Three-Way Text Merge Implementation

Three way merge is the old workhorse of version control systems. When a merge is to be done between THIS and OTHER, it picks a common ancestor, BASE, and uses it as a guide in determining how the merge should be done.

Selecting BASE can be very tricky, and sometimes there isn't any single correct ancestor, especially in the case of CrissCrossMerge.

There are several ways to implement three-way merging.

Inexact Patching

Since the goal of merging is to apply the changes made in another branch to your own, a fairly direct approach is to diff BASE and OTHER, and apply the resulting patch to THIS.

Since this approach uses context diffs, it can sometimes apply patches to the wrong place, a problem fixed by exact patching.

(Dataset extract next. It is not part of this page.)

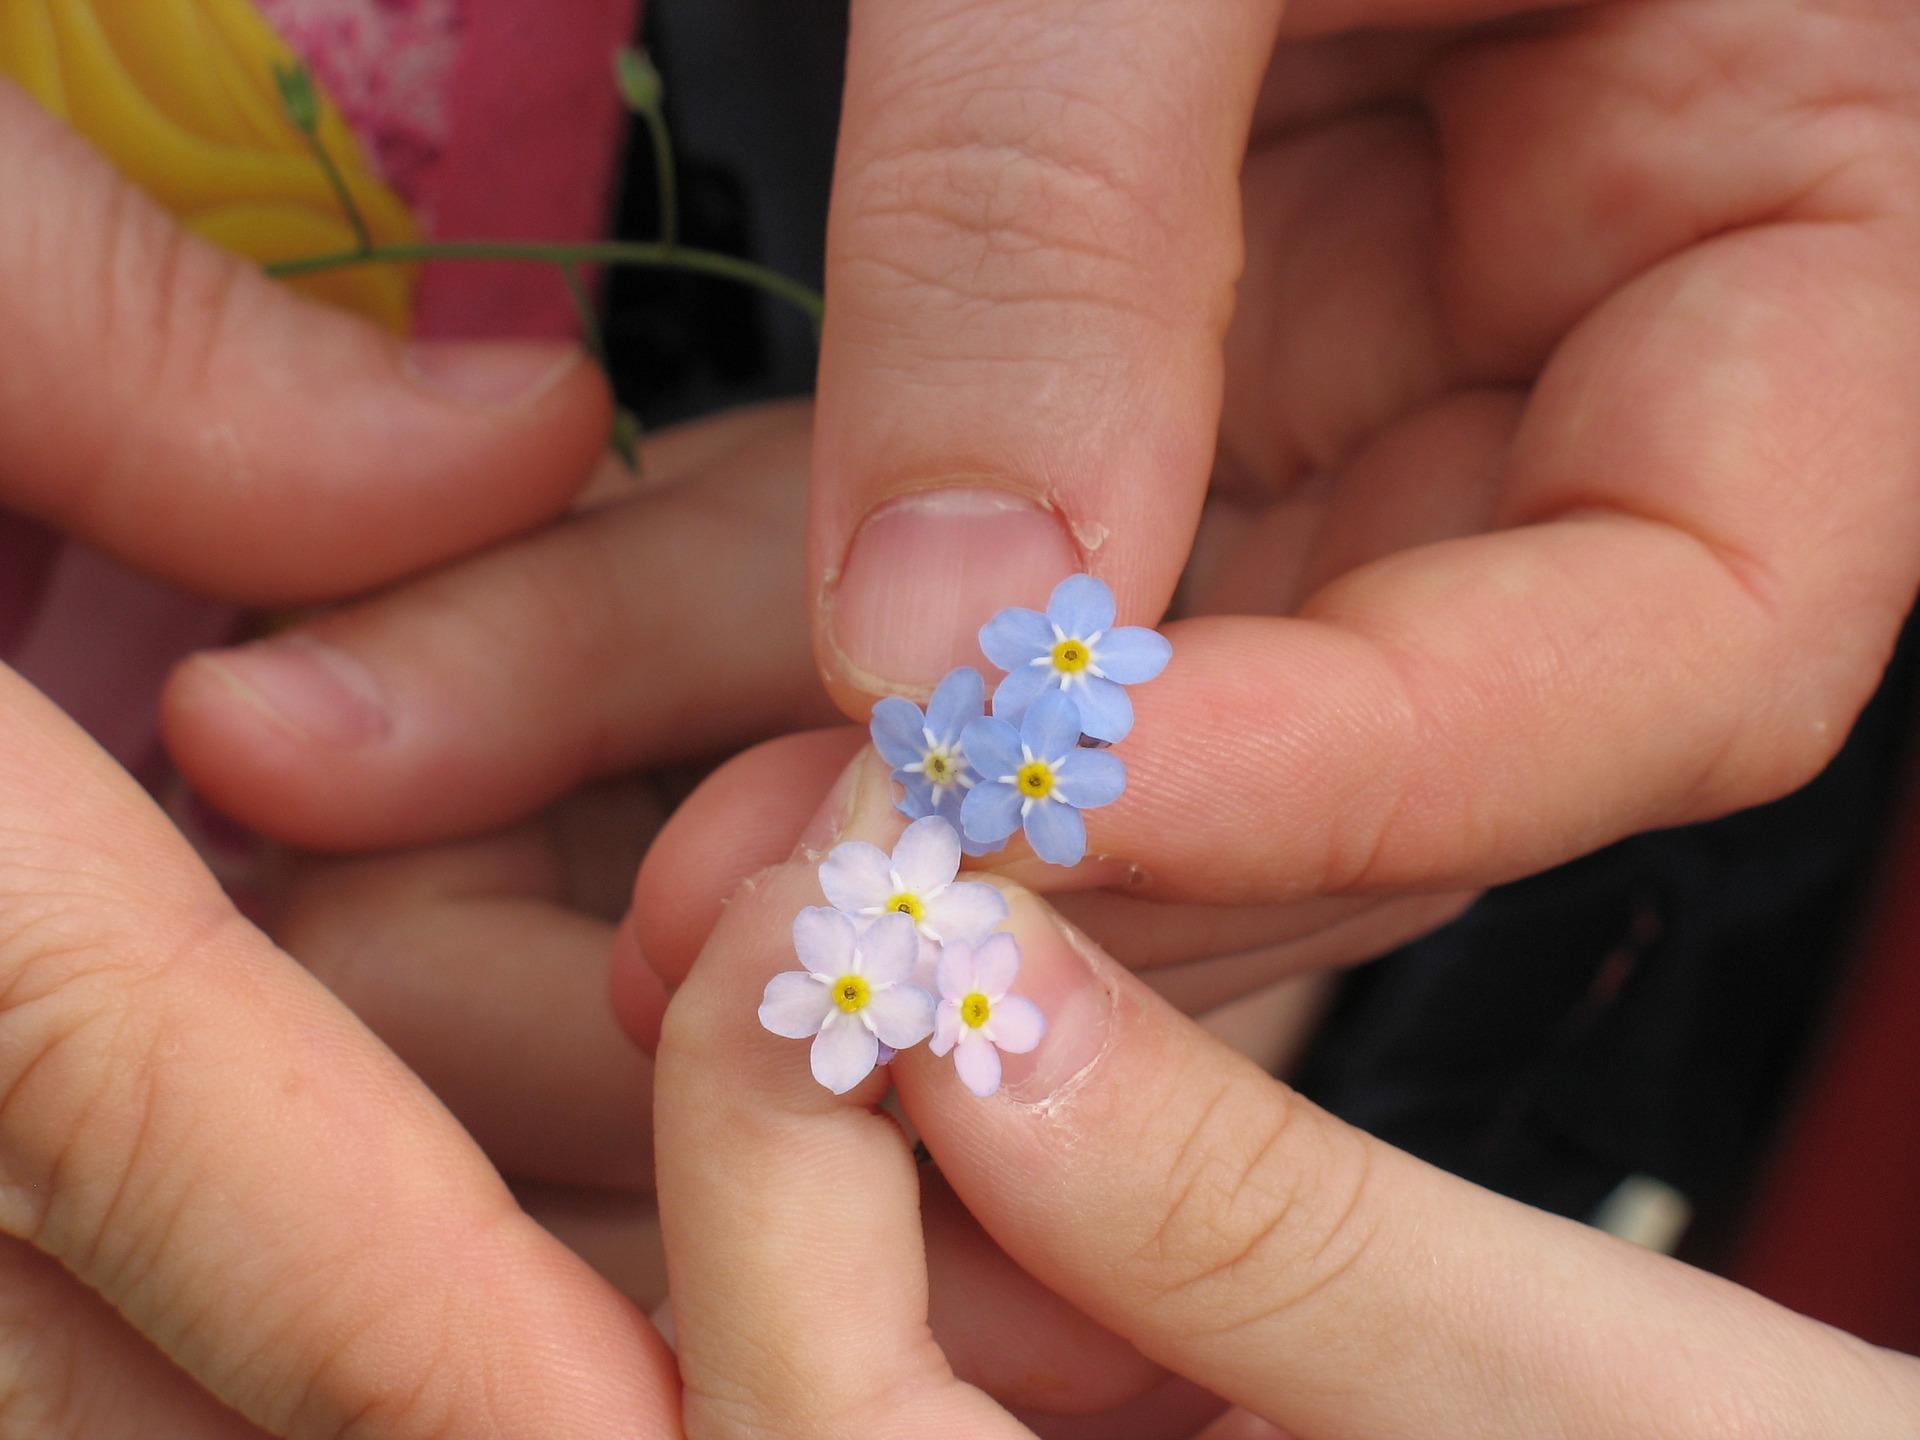 勿忘草の花言葉とは?英語の意味・由来やドイツに伝わる伝説についても紹介!

This has the failing that it does not recognize when THIS and OTHER have both made the same change, thus it will produce more conflicts than other approaches.

Exact patching

Exact patching is similar to inexact patching, except it makes two diffs, one from BASE to THIS, and one from BASE to OTHER, then uses the patch from BASE to OTHER to determine the line offsets to apply the patch from BASE to THIS to. It doesn't have to use context lines like inexact patching does, and can recognize AccidentalCleanMerge as a special case (especially important for 3way, since it runs into lots of erroneous accidental clean merges when BASE is selected too conservatively). This is known in the subversion world as Variance Adjusted Patching. The same concept can also be extended to work with binary diffs. In the binary case you usually want a 'buffer' around the edges of the patch that is used to catch conflicts. Interestingly, this buffer could be extended using the semantics of the file being edited - either to the nearest newline, or the nearest set of braces, etc.

Three-way compare

This approach compares all three texts, and divides them up into sections where

  • all agree
  • this and other agree
  • this and base agree
  • base and other agree
  • none agree

A drawback of this approach is that it is hard to determine section breaks; If none agree, and later THIS and OTHER agree, which lines of BASE belong in the first section, and which in the second? As a result, this case is treated as a single 'none agree' section, increasing the number of conflict lines.

In some sense all these techniques are variants of three way compare, but with the details fleshed out in different ways.

Two-way tie-break

This approach first compares THIS and OTHER. Only the differences are processed further. In areas where THIS and OTHER differ, the THIS and OTHER texts are both compared to the BASE text to break the tie. If THIS text is the same as the BASE text, it loses. If the OTHER text is the same as the BASE text, it loses. If neither matches BASE, it is considered a conflict.

A drawback of this approach is that conflicts are not clearly associated with particular lines in Base.

Bzr implementation of three-way compare

The bzr implementation does a three-way comparison like so:

  1. Compare BASE to OTHER
  2. Compare BASE to THIS
  3. Combine the comparisons so that the section breaks happen in the same places, relative to BASE
  4. In sections where THIS and BASE coincide, pick OTHER
  5. In sections where OTHER and BASE coincide, pick THIS
  6. Sections in which both OTHER and THIS differ from BASE are treated as conflicts
  7. (Optional) a two-way merge is performed in conflict regions, to reduce conflicts. (This step is optional, because it loses the connection between BASE and conflict regions)